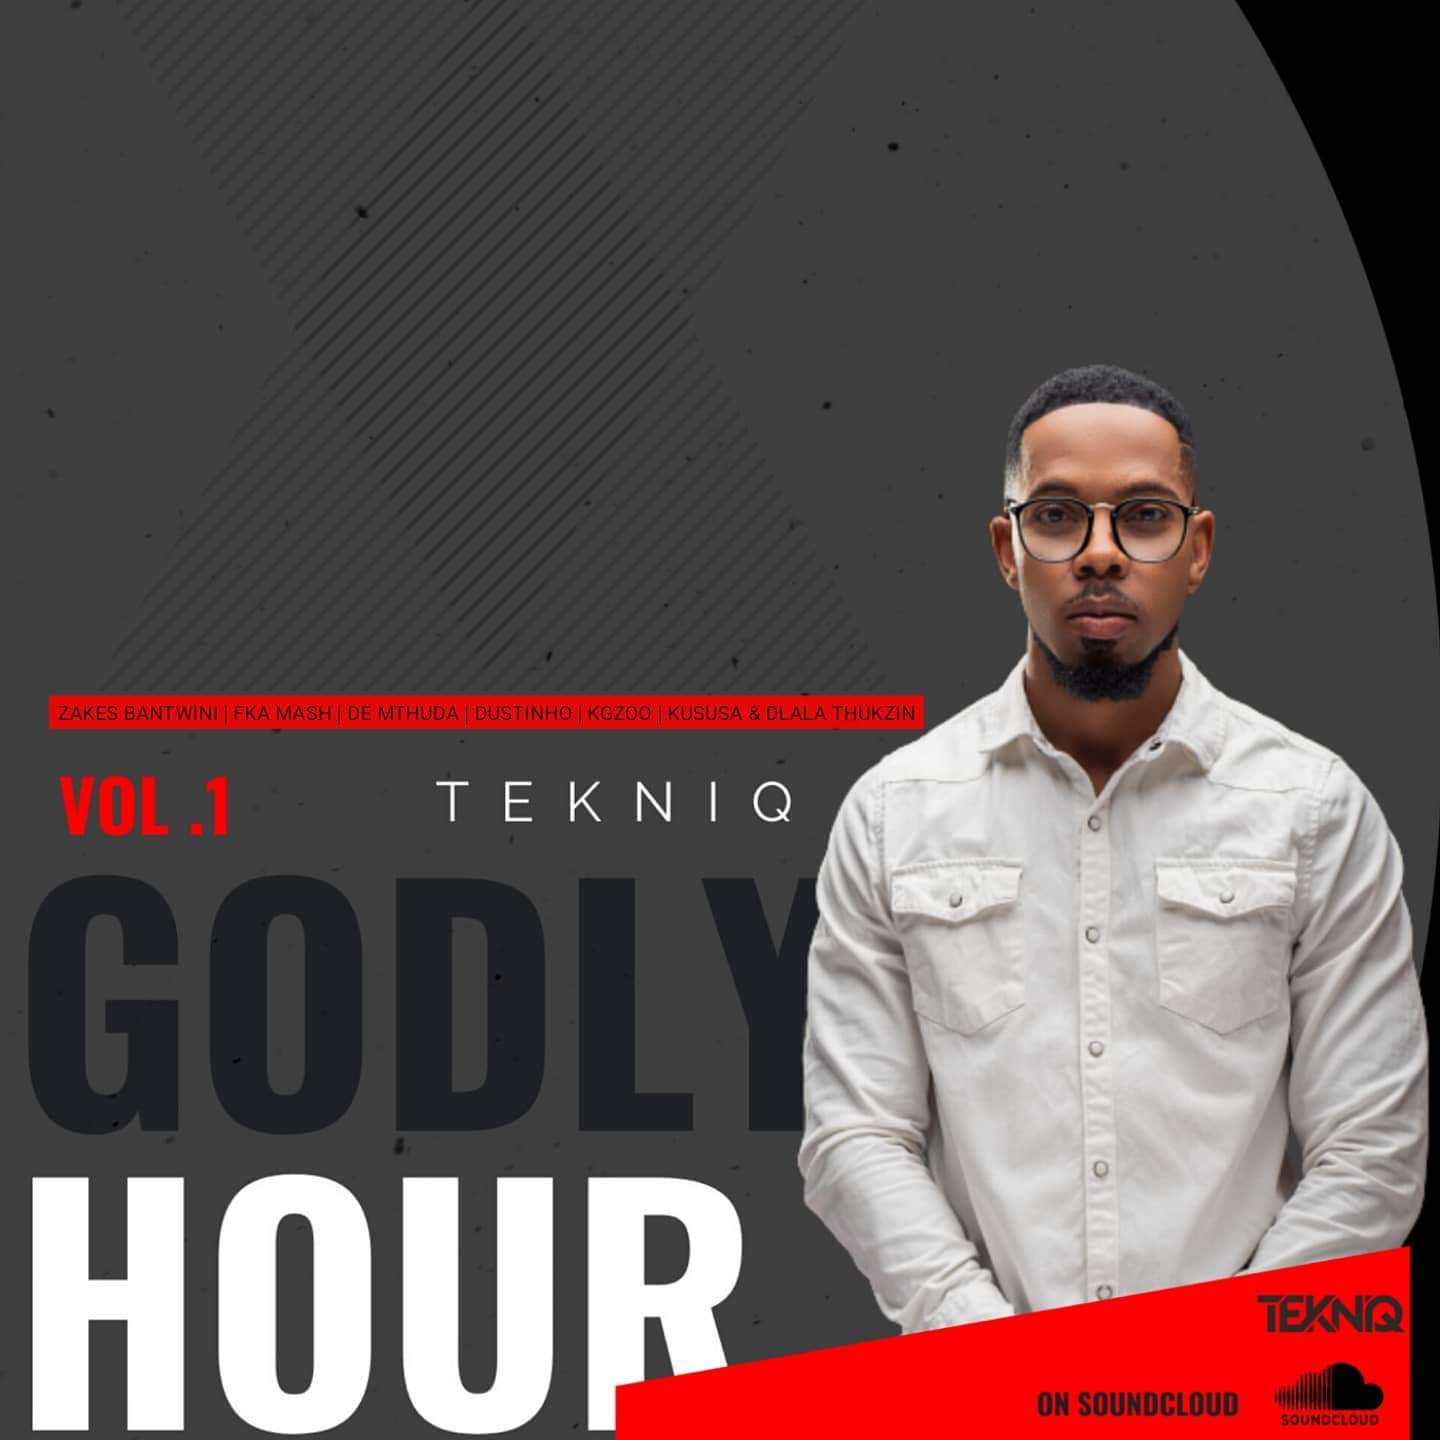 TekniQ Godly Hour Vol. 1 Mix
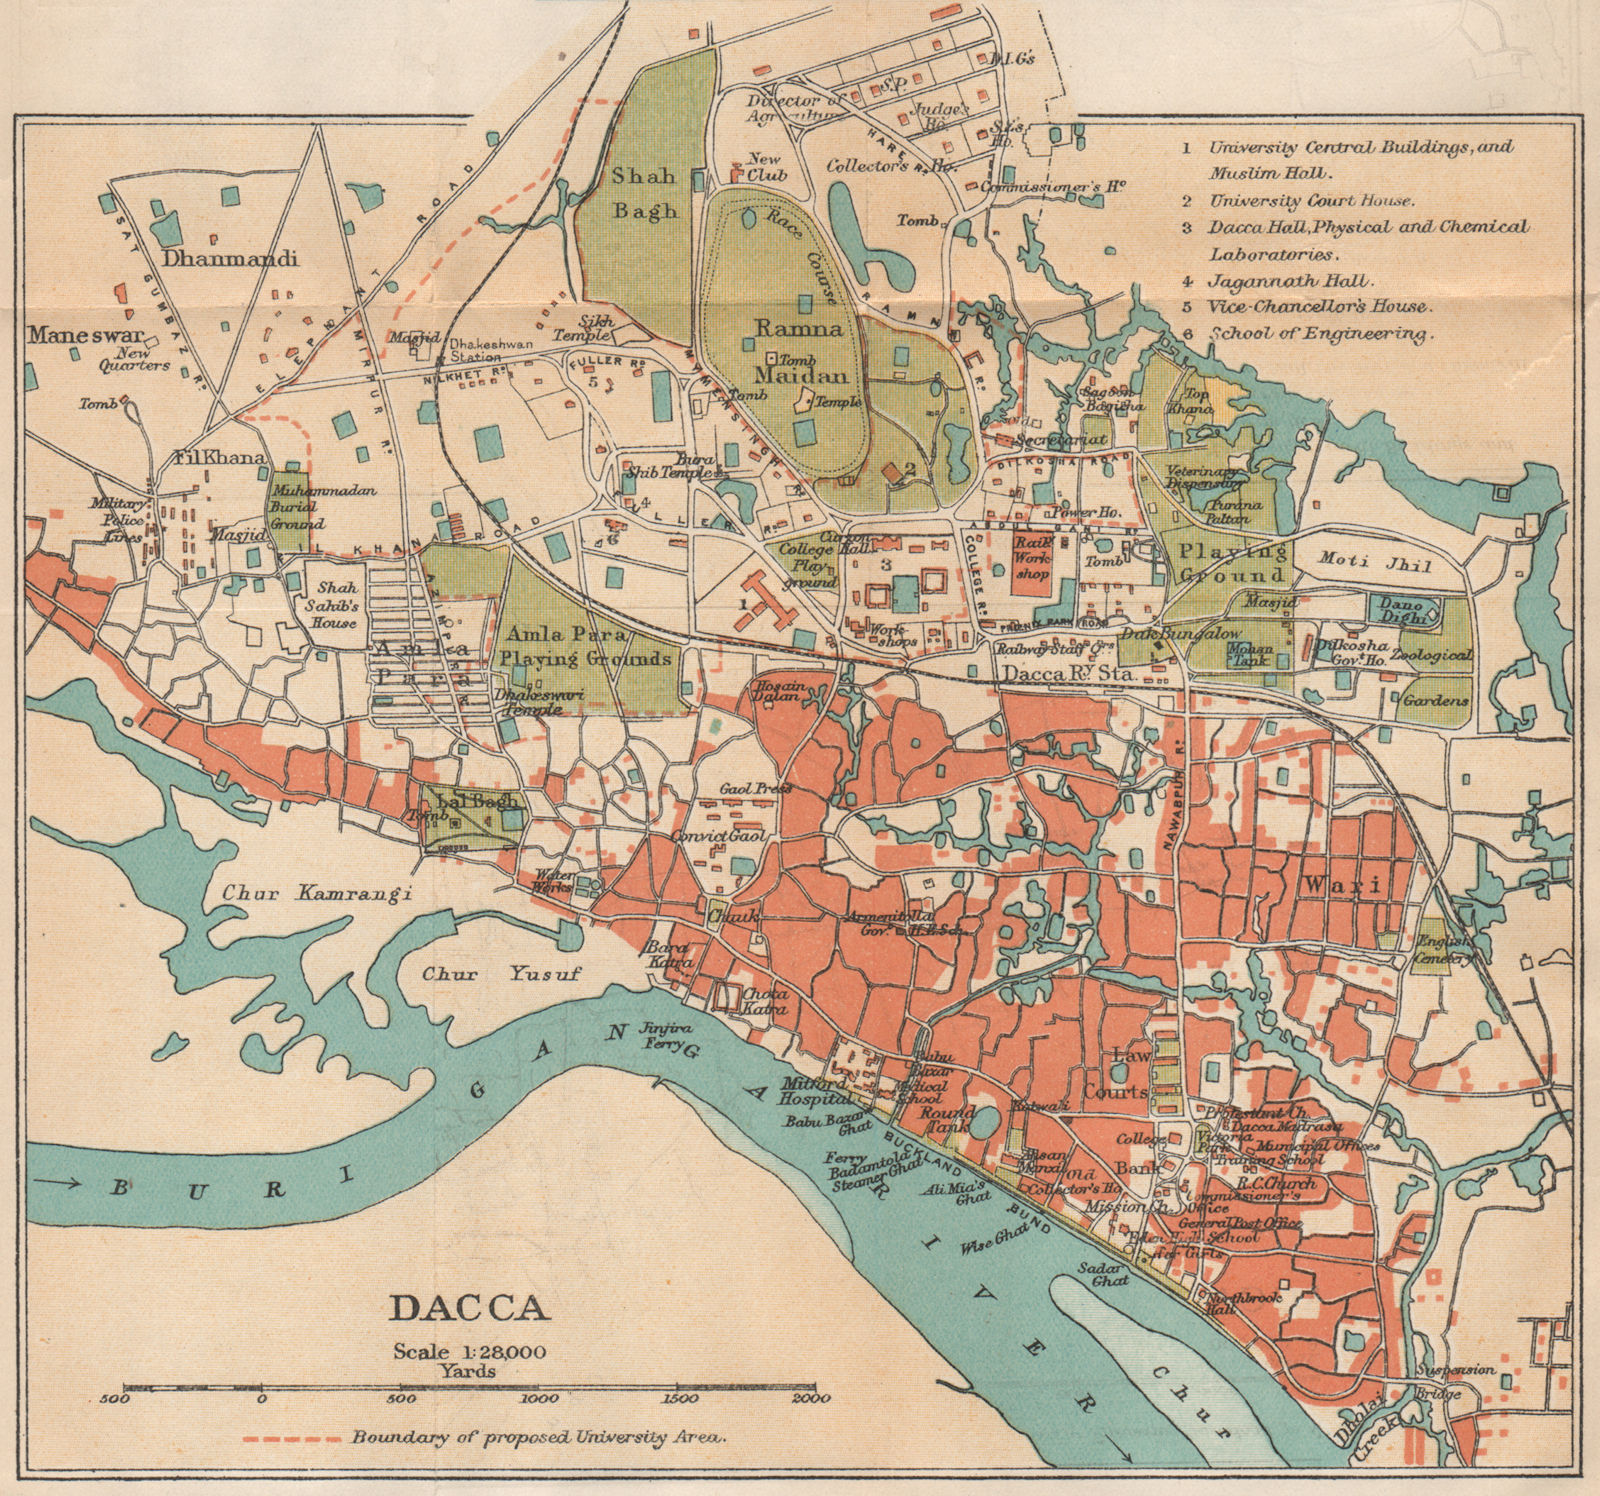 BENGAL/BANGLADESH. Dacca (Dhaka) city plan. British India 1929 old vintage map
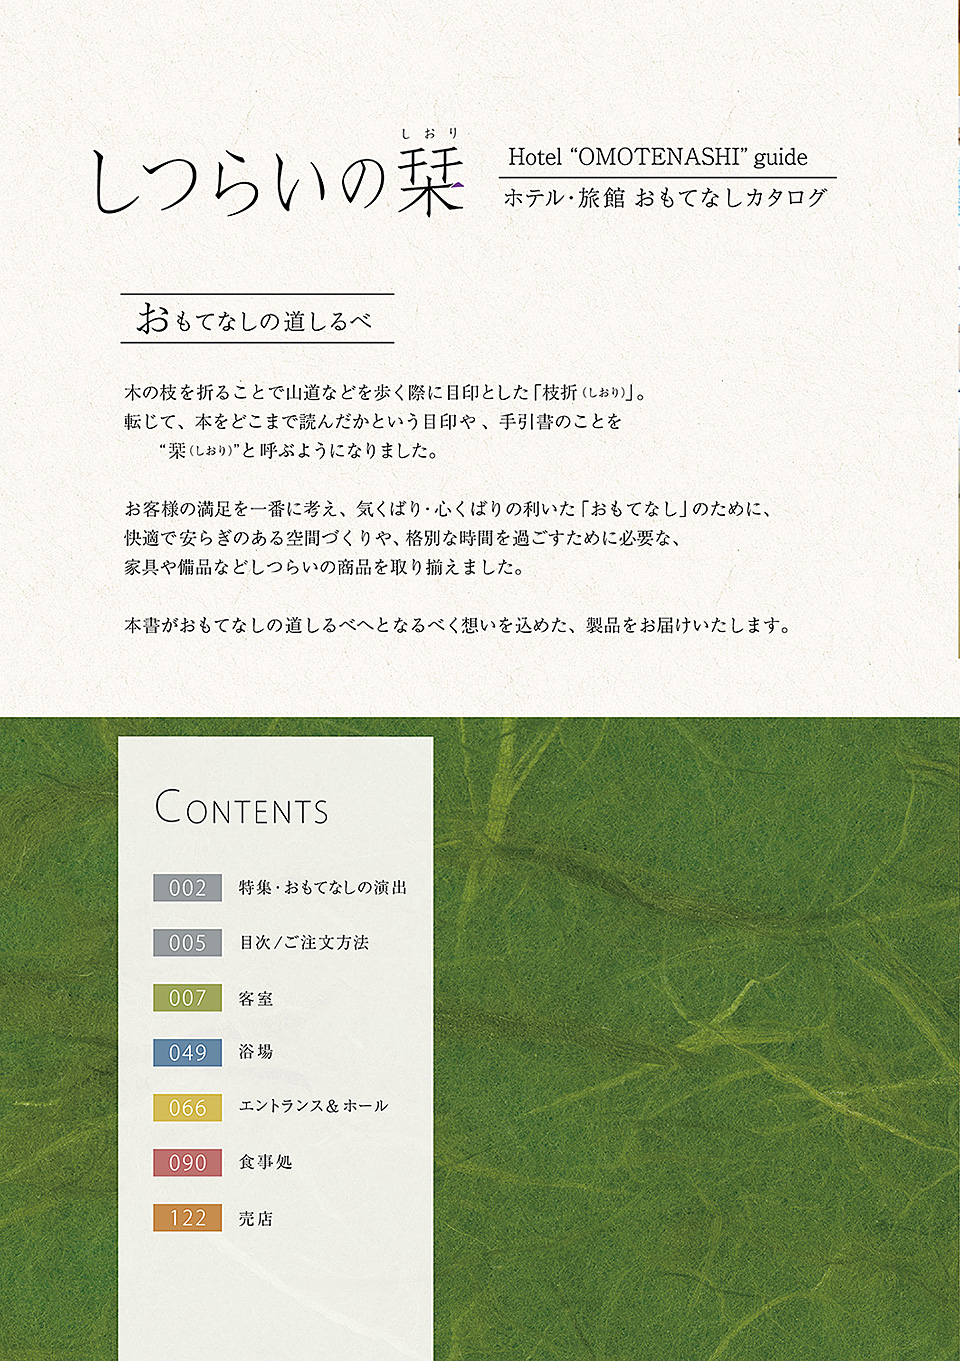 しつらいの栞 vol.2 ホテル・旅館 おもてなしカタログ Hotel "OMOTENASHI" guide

• [THE PROBLEM]: Lines from the one that holds "BENGAL/BANGLADESH. Dacca (Dhaka)" through the final line of the material are to be duplicated exactly; no pictures belong in the copy.

• [SOLUTION TO THIS EXERCISE]:
 BENGAL/BANGLADESH. Dacca (Dhaka) city plan. British India 1929 old vintage map
 しつらいの栞 vol.2 ホテル・旅館 おもてなしカタログ Hotel "OMOTENASHI" guide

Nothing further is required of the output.